Pipes enable the above statement to be alive. Pipes are a feature in the Unix operating system that allow for interprocess communication (IPC) by creating a one-way communication channel between two processes. They facilitate the transfer of data between these processes, providing a convenient way to pass the output of one process as the input of another.

Most basic UNIX commands (programs)

cd - change directory

ls - lists your files

mv filename1 filename2 - moves a file (or renames it)

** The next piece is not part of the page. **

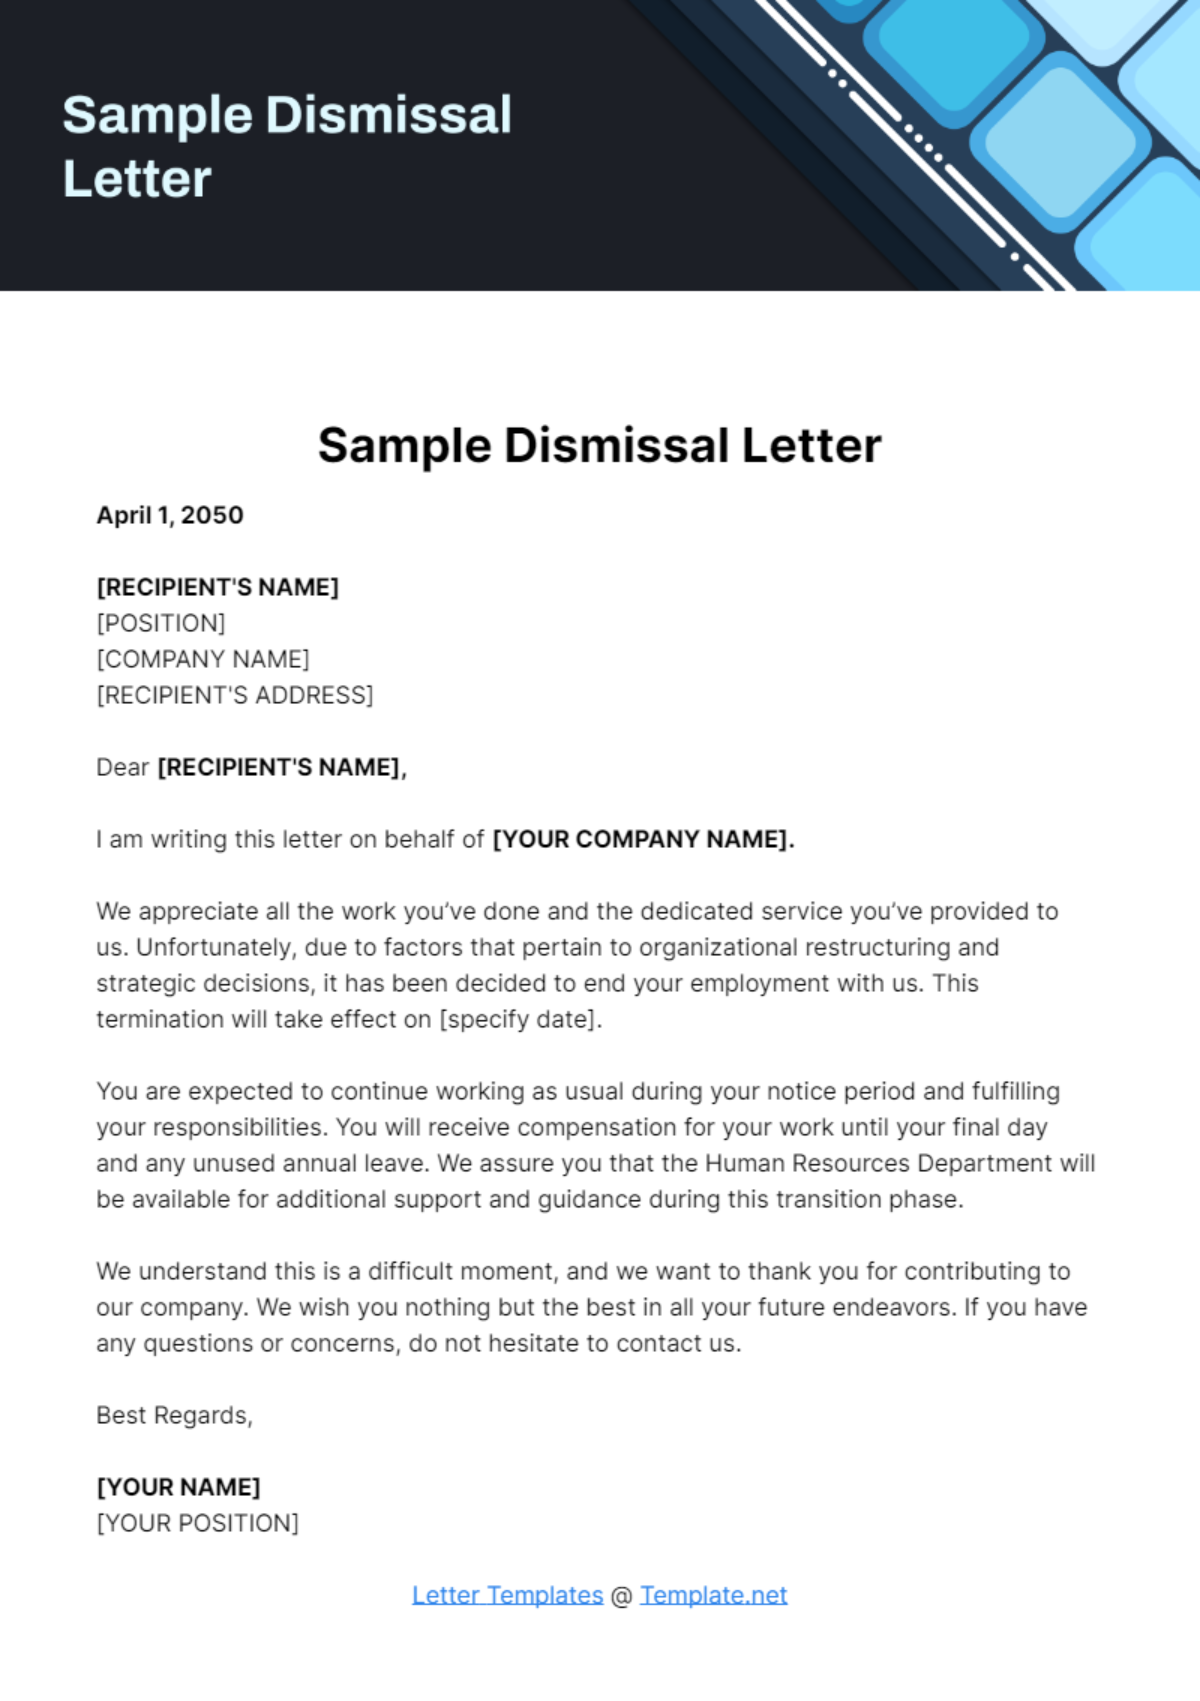 Free Sample Dismissal Letter Template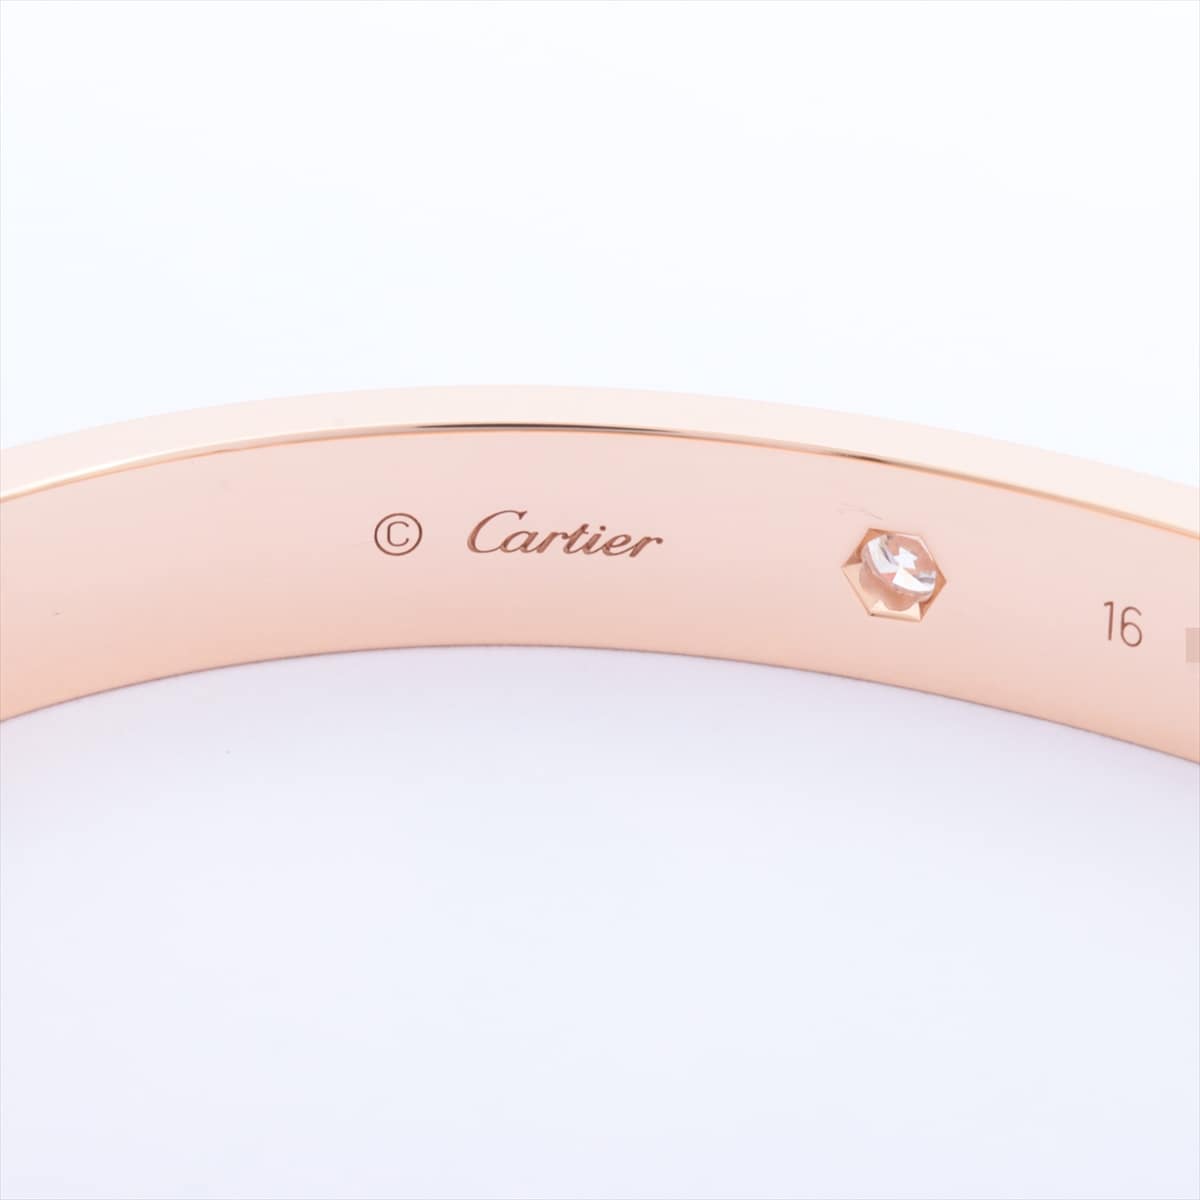 Cartier Love half diamond Bracelet 750 PG 31.0g 16

cp filename1 filename2 - copies a file

rm filename - removes a file

wc filename - tells you how many lines there are in a file.

The implementation of pipes in the Unix kernel involves the creation of a special kind of file, called a pipe file, which acts as a bridge between the processes involved. This pipe file is represented by an inode, a data structure that contains information about the file, such as its size, permissions, and location.

When a pipe is created, two file descriptors are returned: one for the read end of the pipe and another for the write end. The processes involved can then use these file descriptors to read from and write to the pipe, respectively. The read and write ends of the pipe are connected, allowing data to be transferred between the processes.

The functionality of pipes in the Unix kernel includes buffering the data transferred between the processes, ensuring that it is temporarily stored until it can be read by the receiving process. Pipes have a fixed capacity, and when this capacity is reached, the writing process is blocked until there is sufficient space in the pipe to write more data.

Standard Output and Pipes

Standard output refers to the default output device in a Linux system, typically the terminal. It is the stream of data that is produced by a command or program when it is executed. This output can be redirected to other commands or files using the concept of pipes.

bash
# `echo` program prints to standard output whatever is provided as the argument
$ echo 1;

Pipes, denoted by the "|" symbol, are used to connect the standard output of one command to the standard input of another command. This allows for a seamless flow of data between commands, enabling complex operations to be performed. Instead of displaying the output on the terminal, it can be passed directly as input to another command, allowing for further processing or customization.

bash
# `cat` prints the contents of a file
$ cat file.txt

For example, consider the command ls, which lists the files and directories in the current directory. By appending | grep 'txt', the output of the ls command is filtered through the grep command, which searches for lines containing the specified pattern, in this case, "txt". The final result will be a list of only the text files in the current directory.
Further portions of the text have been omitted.